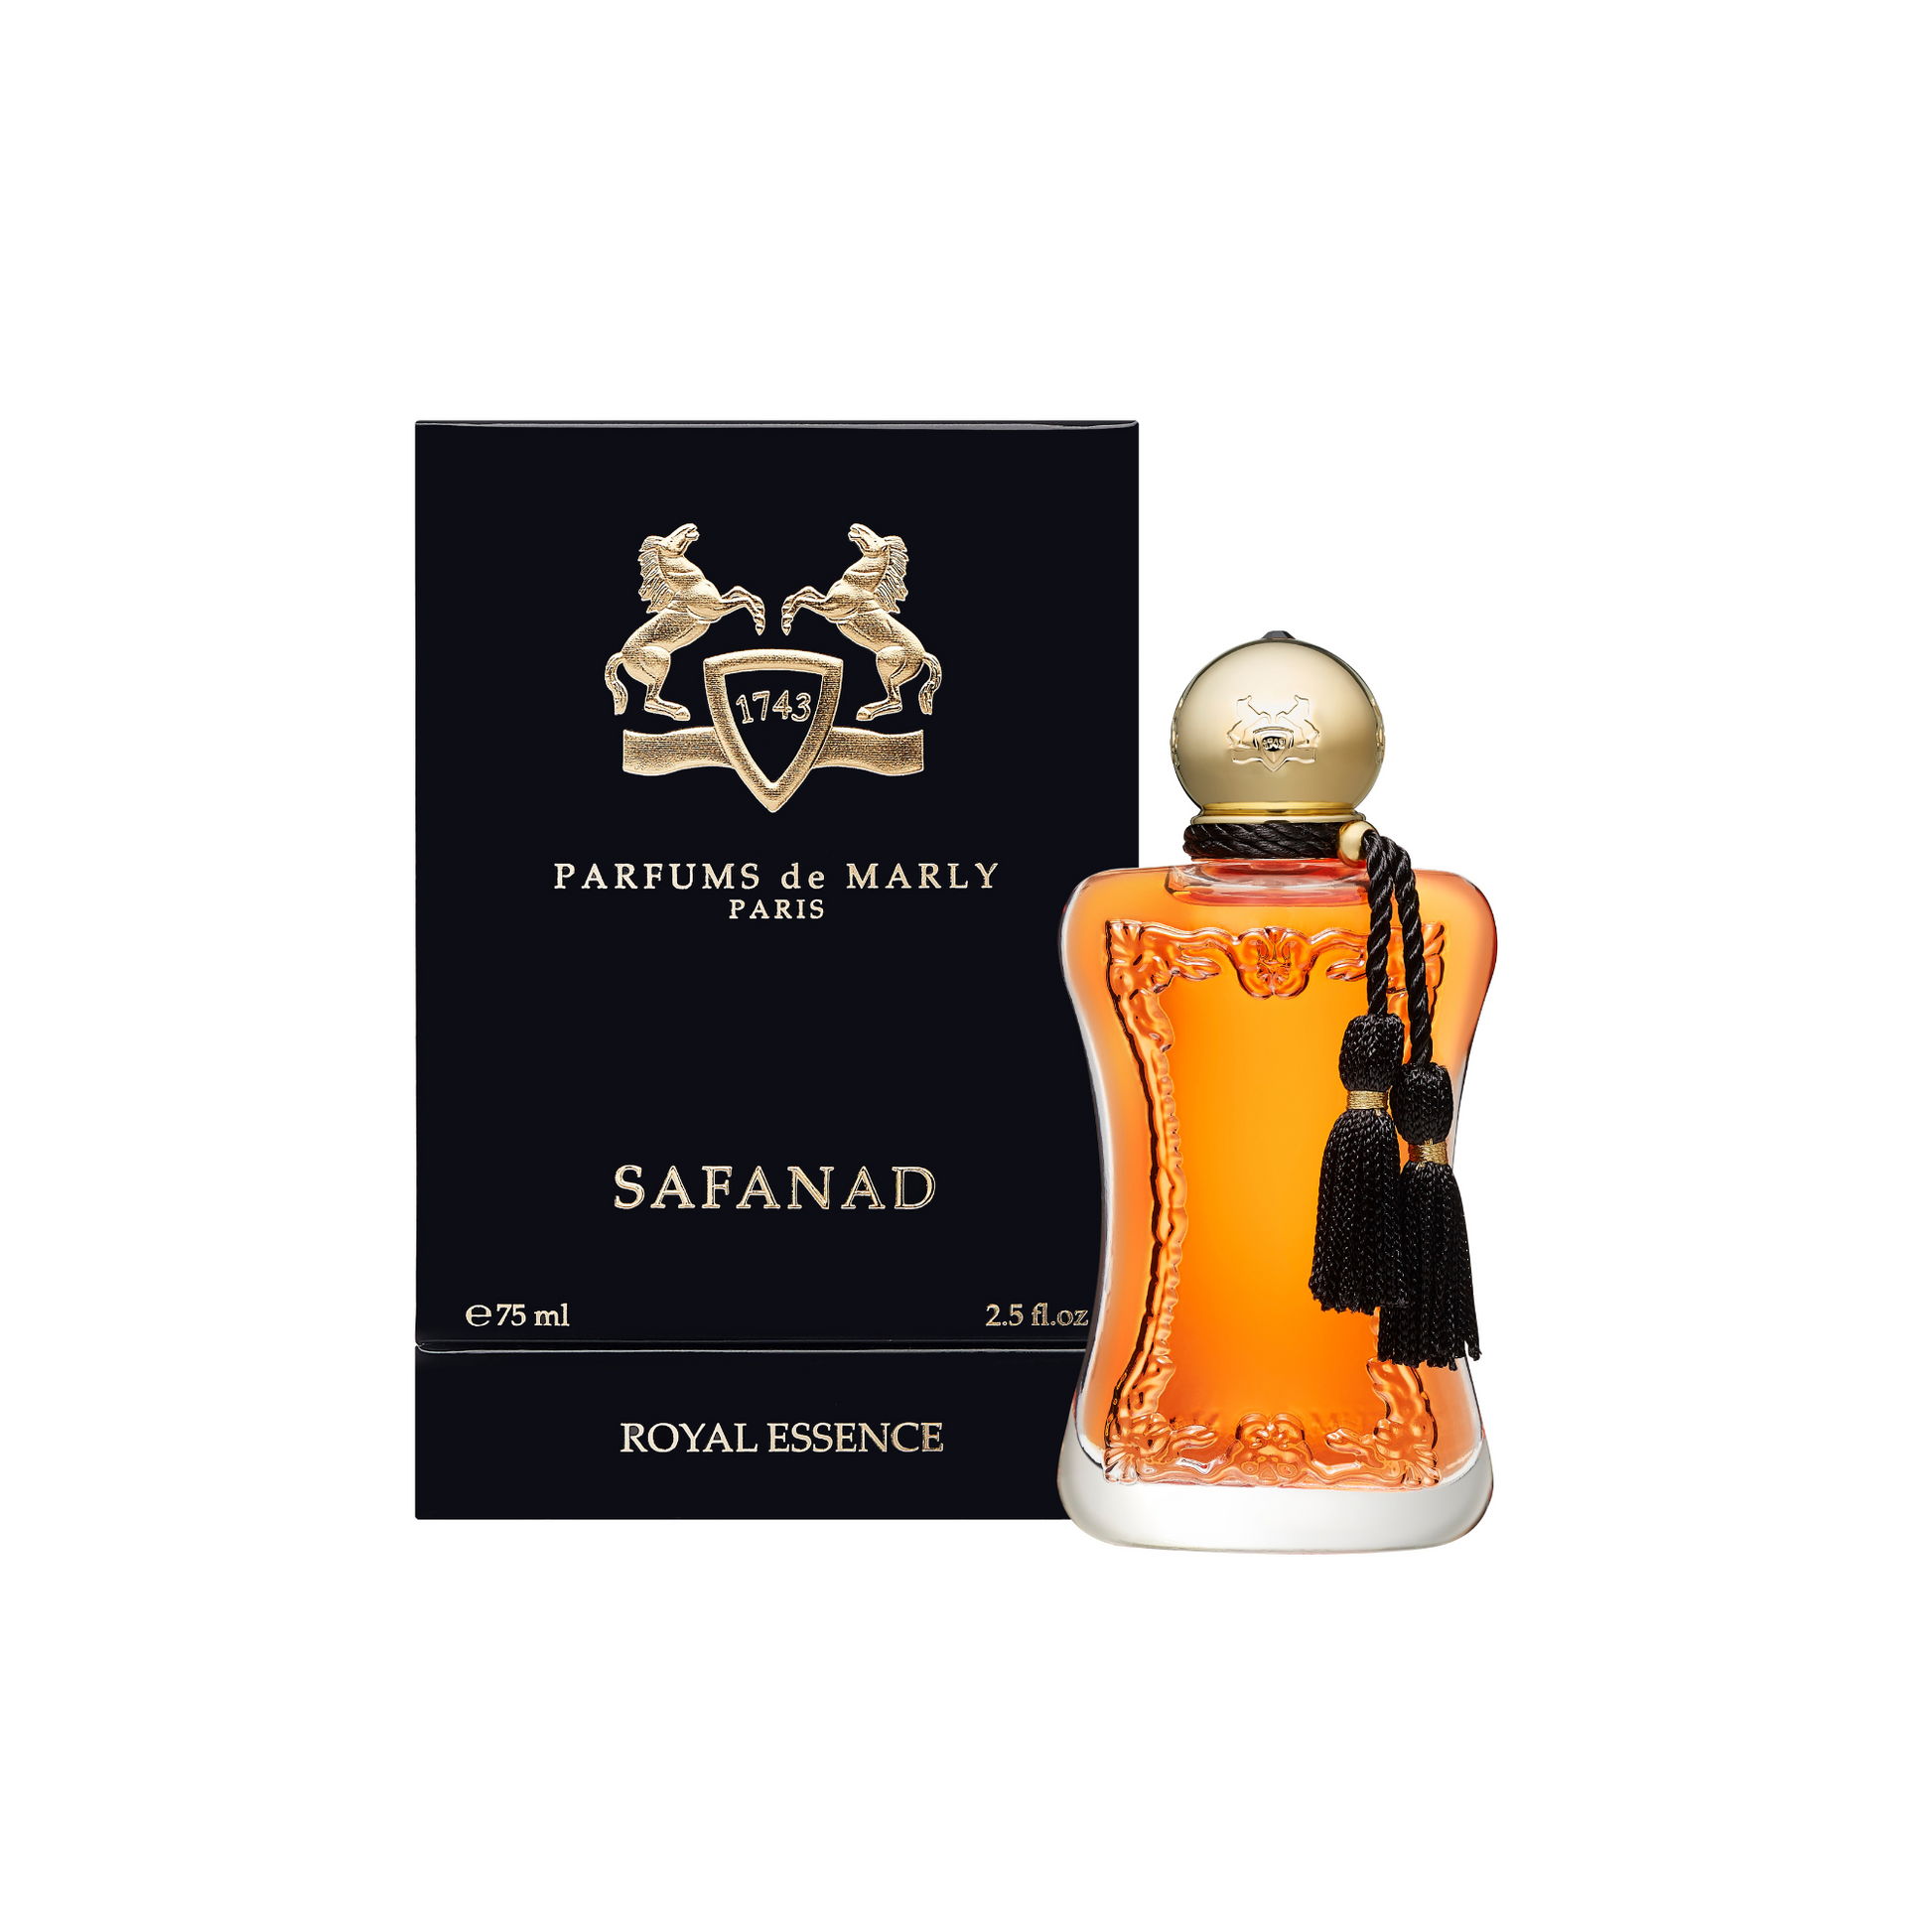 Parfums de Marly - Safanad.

--

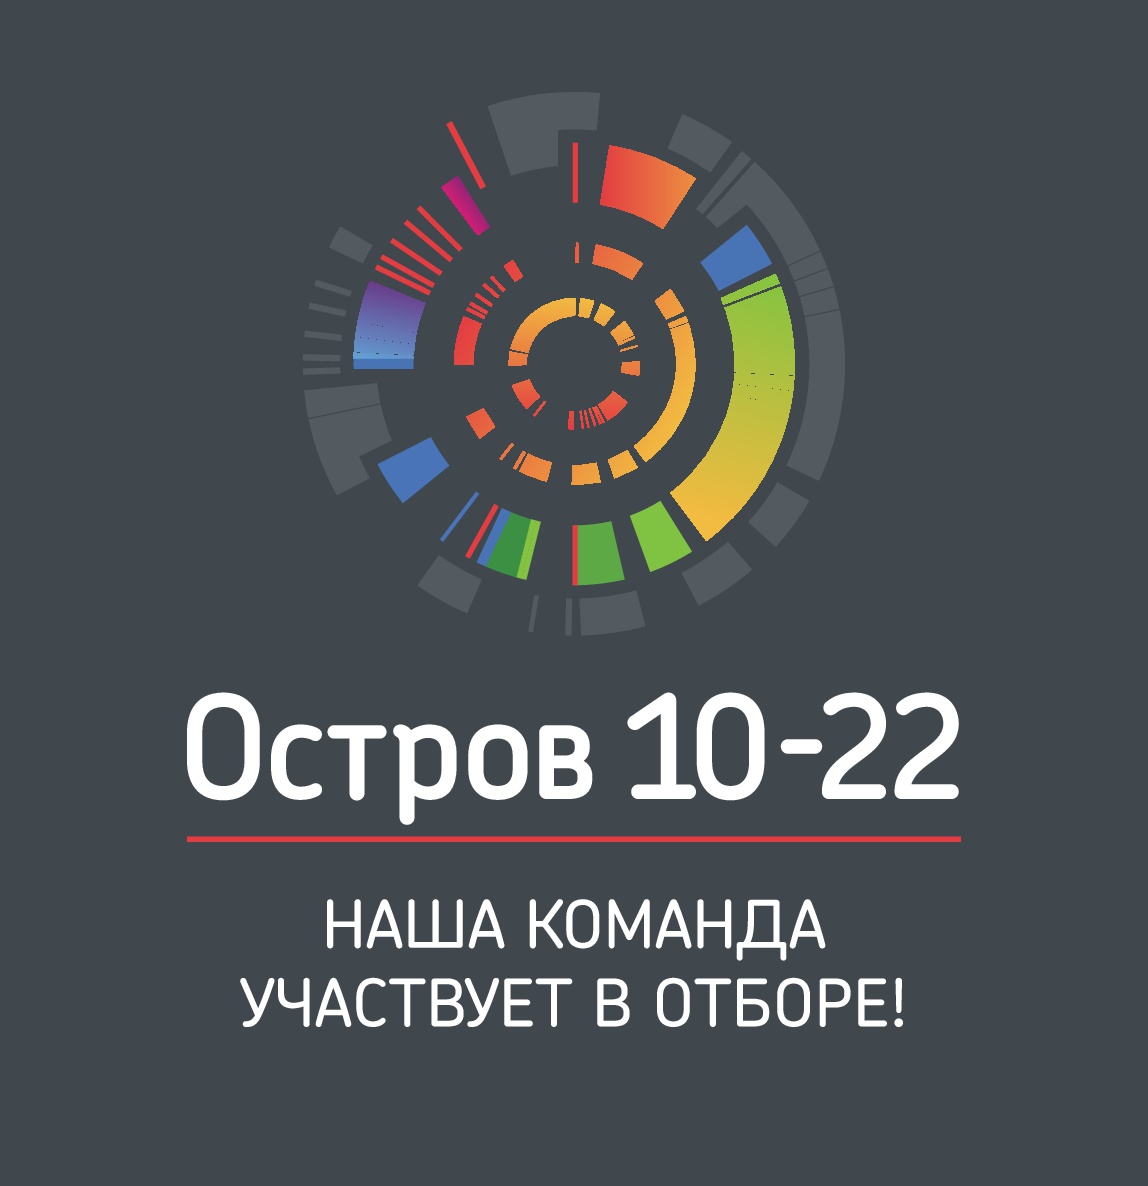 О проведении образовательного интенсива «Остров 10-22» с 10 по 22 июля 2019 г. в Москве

==

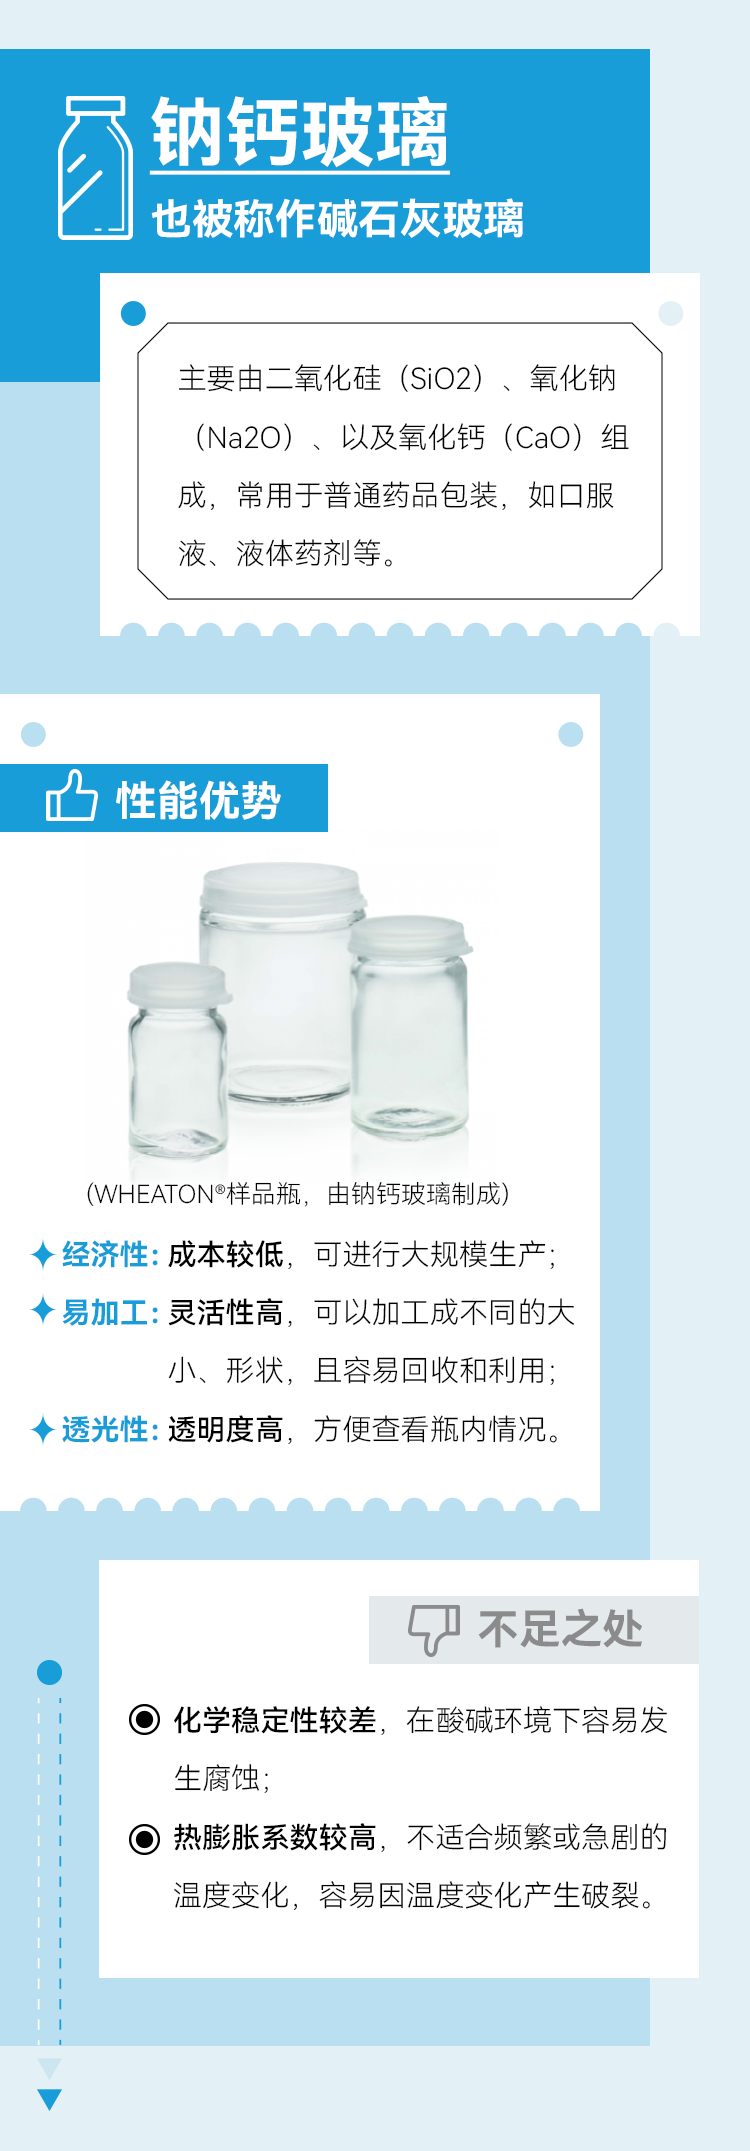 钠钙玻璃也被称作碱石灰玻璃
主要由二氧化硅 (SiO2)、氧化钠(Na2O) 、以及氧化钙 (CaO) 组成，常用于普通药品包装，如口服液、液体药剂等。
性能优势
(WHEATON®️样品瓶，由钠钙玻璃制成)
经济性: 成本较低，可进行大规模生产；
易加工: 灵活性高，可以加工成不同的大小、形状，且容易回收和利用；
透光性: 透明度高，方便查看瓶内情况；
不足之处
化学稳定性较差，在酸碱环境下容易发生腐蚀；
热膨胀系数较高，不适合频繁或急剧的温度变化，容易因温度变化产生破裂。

Problem requirements: Within the listing above, give again exactly every line from the line with "易加工: 灵活性高，可以加工成不同的大小、形状，且容易回收和利用；" through the line with "热膨胀系数较高，不适合频繁或急剧的温度变化，容易因温度变化产生破裂。", both included, and no other line.

Expected output:
易加工: 灵活性高，可以加工成不同的大小、形状，且容易回收和利用；
透光性: 透明度高，方便查看瓶内情况；
不足之处
化学稳定性较差，在酸碱环境下容易发生腐蚀；
热膨胀系数较高，不适合频繁或急剧的温度变化，容易因温度变化产生破裂。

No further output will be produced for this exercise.